4. The dust filtration system according to claim 3, wherein the intake branch has a valve inside.

5. The dust filtration system according to claim 4, wherein the intake branch and exhaust duct have a temperature monitoring component inside.

6. The dust filtration system according to claim 5, wherein the filter regeneration mechanism is a physical contact cleaning and brushing component.

7. The dust filtration system according to claim 1, wherein the filter regeneration mechanism is a physical contact cleaning and brushing component.

8. The dust filtration system according to claim 1, wherein the filter regeneration mechanism comprised a physical contact cleaning and brushing component and a regenerated gas intake and exhaust control component.

9. The dust filtration system according to claim 2, wherein between the intake duct and the exhaust duct there are multiple closed separation chambers, and the multiple separation chambers connect to the intake duct through the intake branch and connect to the exhaust duct through the exhaust branch.
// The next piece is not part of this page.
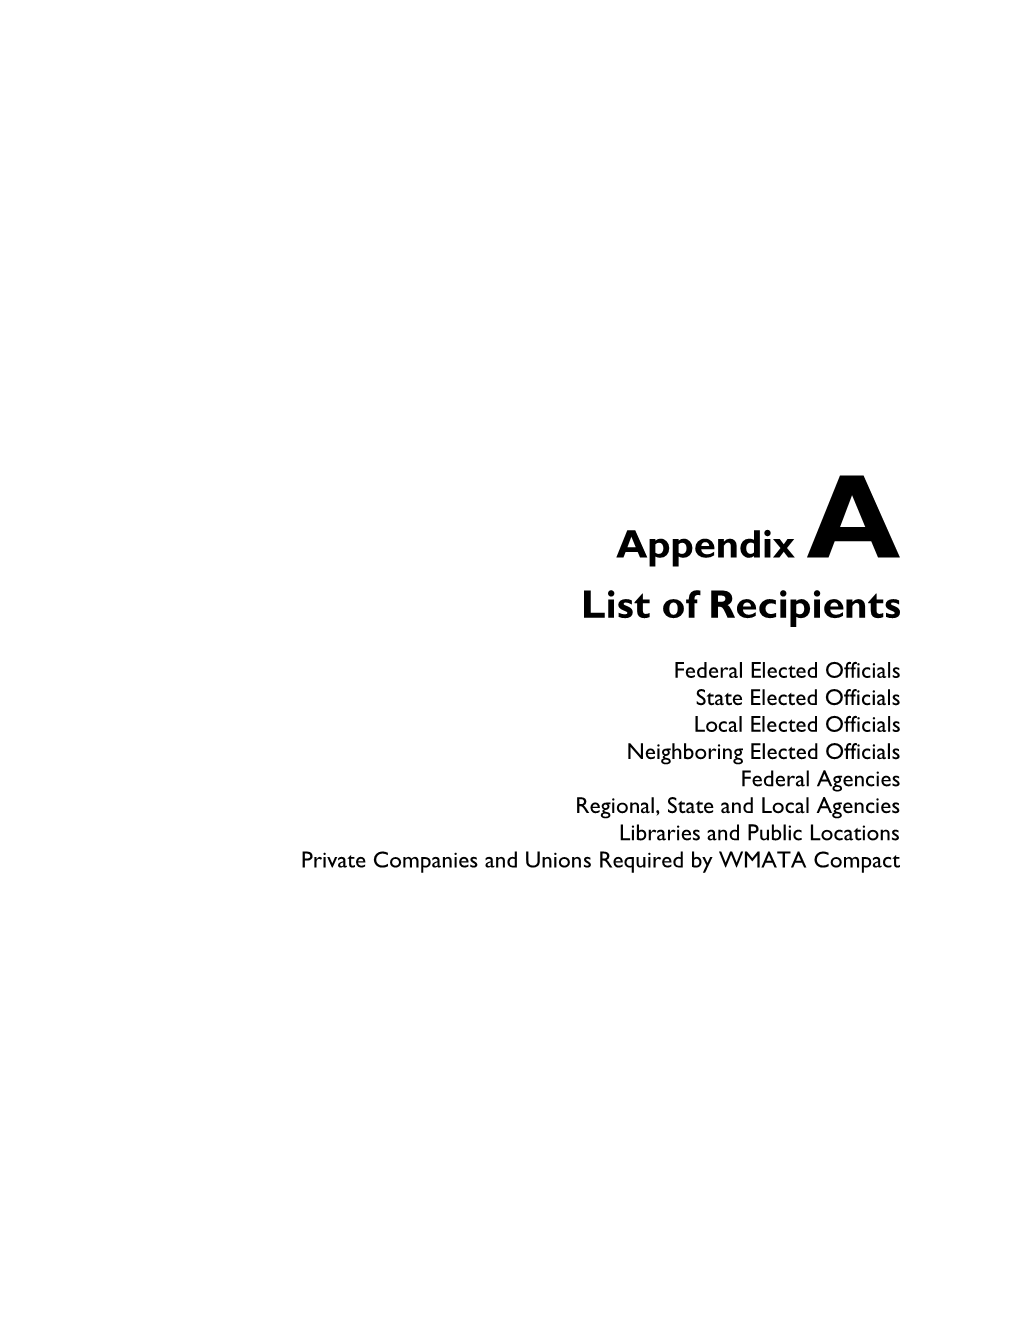 Appendix a List of Recipients

10. The dust filtration system according to claim 9, wherein the intake branch has a valve inside.

11. The dust filtration system according to claim 10, wherein the intake branch and exhaust duct have a temperature monitoring component inside.

12. The dust filtration system according to claim 11, wherein the filter regeneration mechanism is a physical contact cleaning and brushing component.